Hey guys, there is a series called “Isithembiso” on Mzansi that people are saying is very similar to “Zulu Girl Goes to JHB”. I have not yet watched it but can anyone who has please confirm this. This is very important. Please answer this on the Facebook status I posted last night n the Diary of a Zulu Girl Facebook page. Thank you
I stood there for a second trying to think what had brought that on. What had I done wrong? Was he offended that I had a wine glass in front of me when I was with his daughter? I was not sure now. I am not naïve to the fact that I always had a way of getting caught by him with different men. I knew he liked me and he liked me a lot. The reason why he had ended up with the doctor was because I think I had played hard to get. How long though should it take a guy to shela or pursue you? I know a friend who was been in love with one girl for like five years before he even dated her. He tried to get her and she would always say no. Today they are married. I am sorry no one talks to me like that. I am not a child you scold because you can. I don’t stand for such bullshit. He needed to be put in his place! Just because he had saved my ass does not mean he can speak to me waya waya! Who does he think he is? My personality does not allow me to take such shit lying down. I needed to find out what was up so I followed him and I knocked.
I said my heart beating so fast it was going to crack on my chest. I don’t think I have a temper but the wine had gotten me there so fast. I was actually so angry.
“I am sorry. I did not mean to talk to you like that.”
He said as soon as he saw it was me. I stumbled. That is not what I had expected.
“I don’t know what got into me. The words just came out?”
Two minutes ago he had almost bitten my ear off and now he was happy, the fuck?
“What did I do wrong?”
I asked him my blood calming down because when someone apologizes even that anger dissipates.
“And I hope you didn’t take it out on Ntheteng because God help me you will see the true me!”
I added very annoyed. I hate being called out on something I had not done. That is what he had done.
“Can you lower your voice please. Ntheteng is watching TV and still upset at me. I tried to explain to her what happened but she is not ready to hear the truth.”

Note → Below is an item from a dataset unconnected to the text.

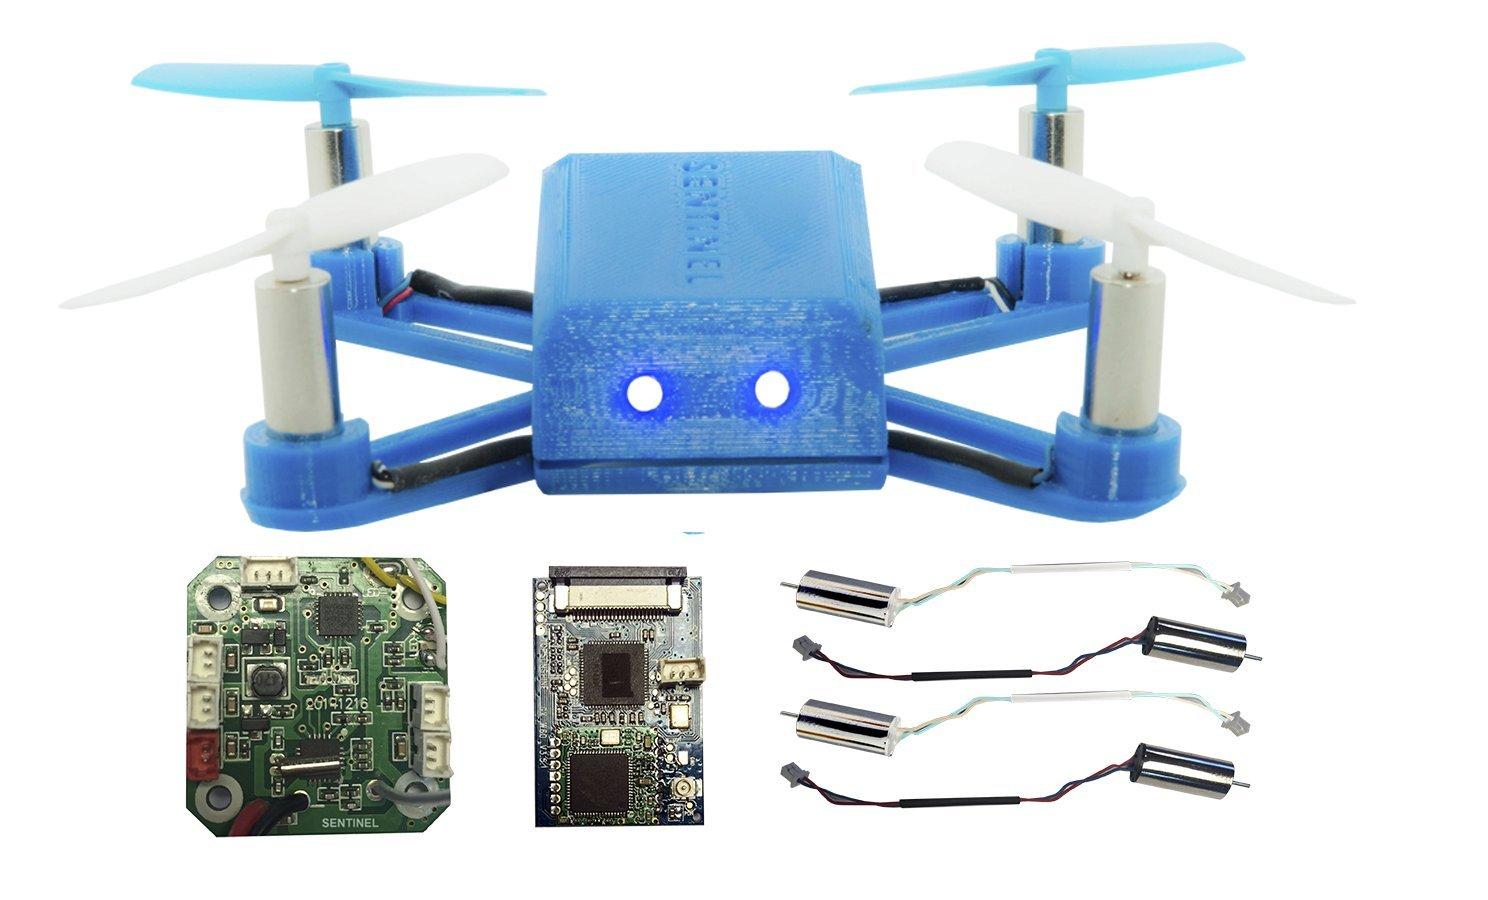 SENTINEL DRONE TRAINING X Monta tu propio drone: Amazon.es: Hogar
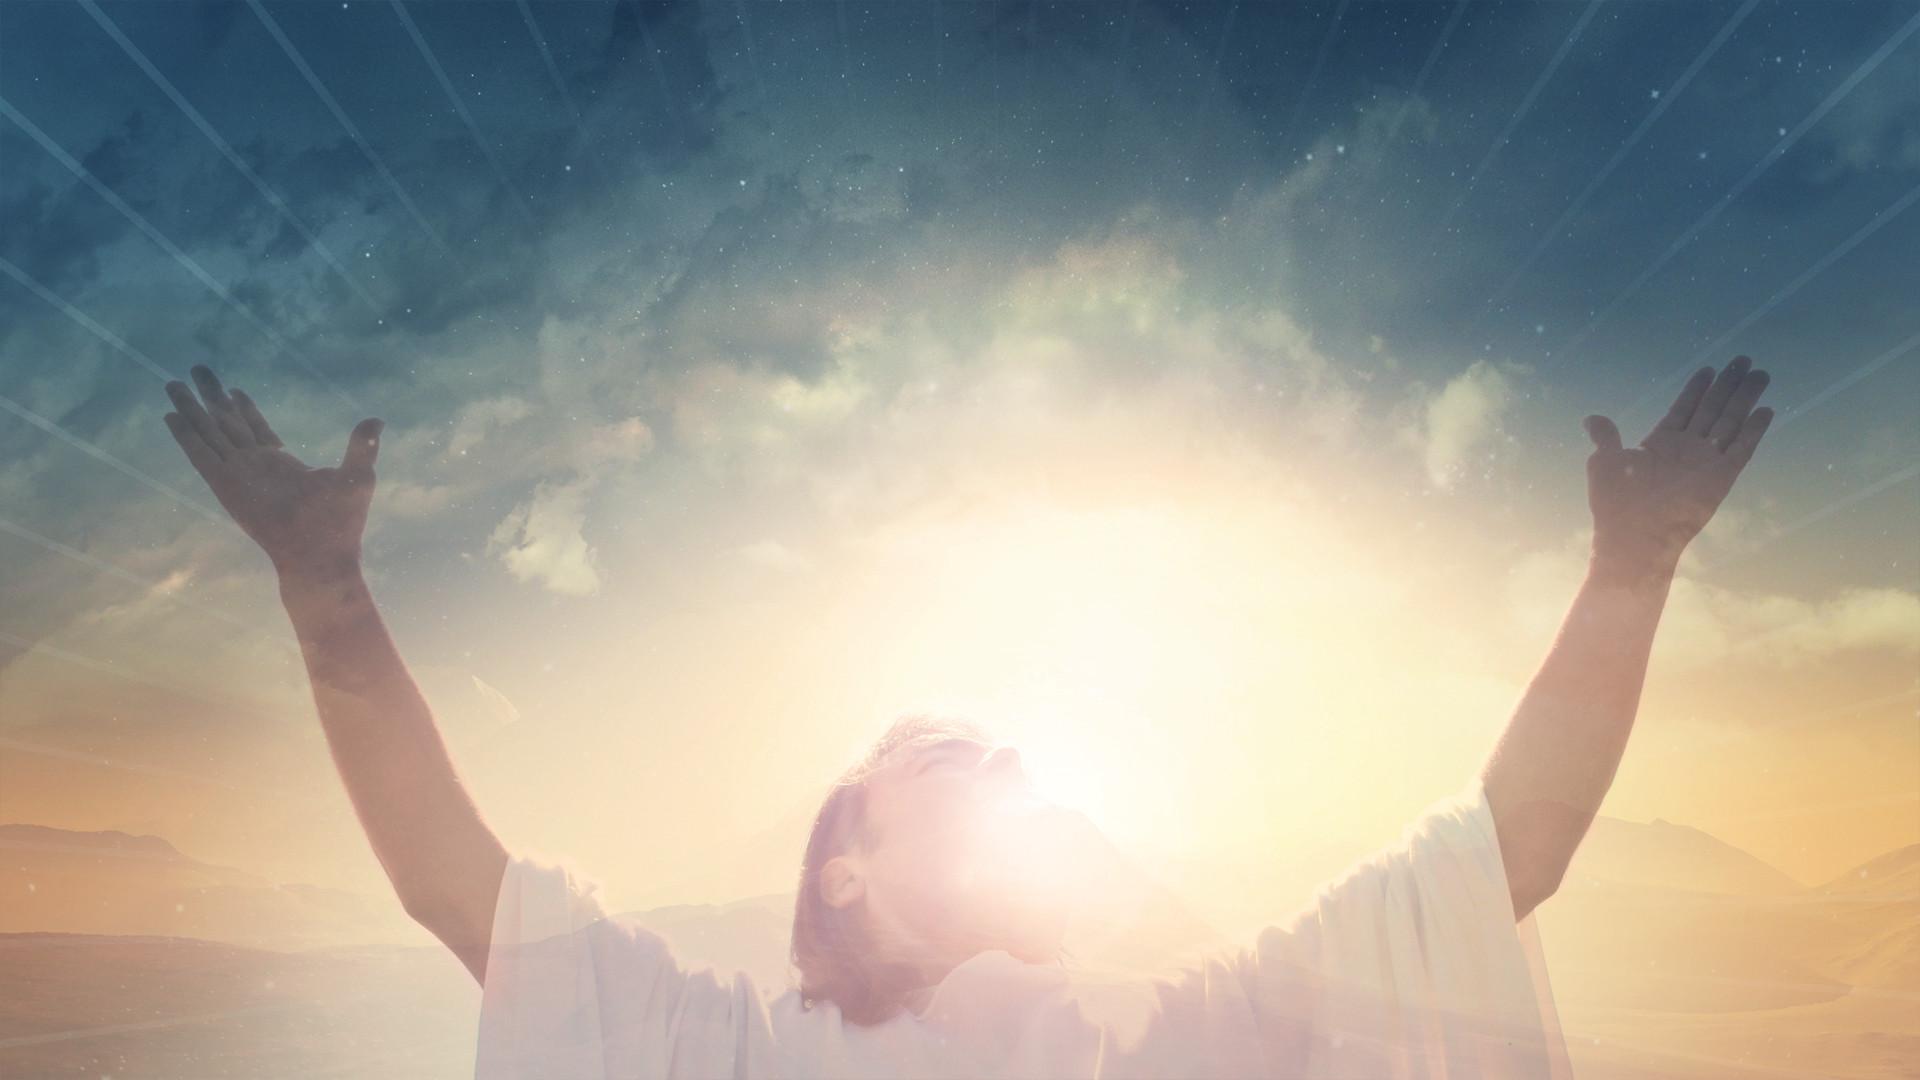 … Jesus Risen Savior Christian Wallpaper …

He said lowering his voice. Why was he being so mysterious?
I asked him.
He looked at me, straight in the eye as though he was searching for something. I looked back and I could see the tears in his eyes.
“Can we go to your place rather if you don’t mind?”
I think it was this mysteriousness that made me curious otherwise he was not welcome at my house pshhh!
“Ntheti I am going with Aunty Lungi to her house please do not be mad at me!”
He told her.
The sweet little child looked at her father, folder her arms across her child and rolled her eyes looking the other way. The drama in these kids. If it was another day I would have laughed.
“This better be good!”
I told him still maintaining my attitude.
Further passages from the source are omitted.